Using AI to preserve the Choctaw language


Thousands of languages ​​are on the brink of extinction. In fact, of the 7,000 languages ​​spoken in the world today, nearly half are likely to disappear during this century, according to UNESCO. For Lina Brixey, a member of the Choctaw Nation of Oklahoma, it’s personal.

A linguistics graduate and polyglot who speaks French, Spanish and Portuguese, Brixey only started learning Choctaw after moving to Los Angeles in 2016 to pursue her doctorate. in computer science at USC Viterbi. “I always came back to a question,” Brixey said. “Why don’t I speak my own language? “

She is not alone. Like hundreds of native American languages, Choctaw is endangered, which means that without intervention it is likely to become extinct in the near future. Despite being the third largest tribe in the United States, recent estimates suggest that there are only 7,000 Choctaw speakers left. Crucially, as Brixey discovered, when a language dies, we lose more than words: we lose unique cultures, traditions and global perspectives.

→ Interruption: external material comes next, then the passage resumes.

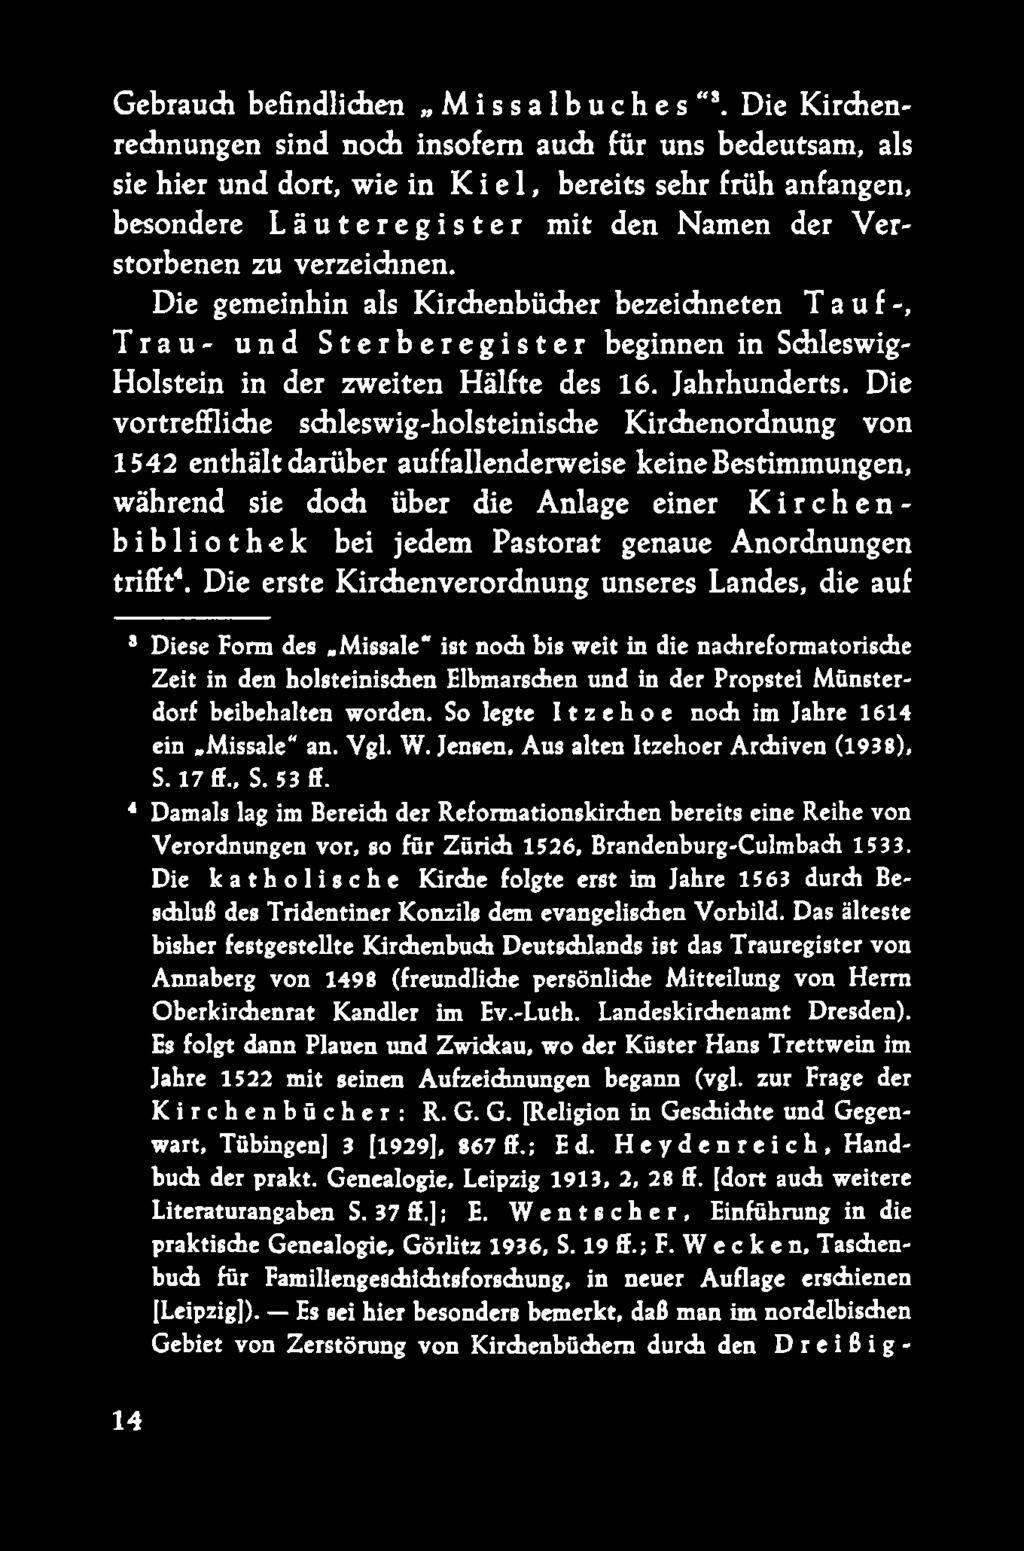 Die gemeinhin als Kirchenbücher bezeichneten Tauf-, Trau- und Sterberegister beginnen in Schleswig- Holstein in der zweiten Hälfte des 16. Jahrhunderts.

“Growing up, I had my tribal registration card, which is kind of a pedigree, but I never really felt Choctaw until I could speak the language to a degree,” Brixey said. “When I started learning the language and meeting other Choctaw, I realized the urgency of the situation. “

So she decided to do something. At USC’s Institute for Creative Technologies (ICT), Brixey created the world’s first Choctaw linguistic corpus – a collection of written and spoken texts essential to the study of languages ​​- a bilingual chatbot and dialogue system for linguistic documentation.

See a timeline of the Choctaw people and language. Click here.

Survival mindset
Brixey is Choctaw on his father’s side. (His mother is of Irish descent.) His great-grandfather, Oklahoma pastor and farmer Noah Frazier, was the last person in his family to speak Choctaw fluently.

“From the 1800s on, there was social pressure in schools not to have Choctaw and Indigenous people speak their language,” Brixey said. “I think there was also a survival mentality – maybe my great-grandparents thought it was more important for my grandmother to learn English so that she had access to more of opportunities. “

Nonetheless, Brixey was curious about her ancestral language. When she was 12, her sister received a special gift from her grandmother: a Choctaw dictionary. Lina and her sister practiced secret conversations in Choctaw, but with no fluent speakers to teach, their enthusiasm eventually waned.

“This is something that many of us who learn Choctaw and other Indigenous languages ​​lack: we just don’t have access to fluent speakers,” Brixey said.

Living avatars
In the decades that followed, Brixey earned an undergraduate degree in journalism; studied abroad in Argentina, Brazil and Belgium; taught English in Spain and France; and earned a master’s degree in linguistics and computer science from the University of Texas, El Paso.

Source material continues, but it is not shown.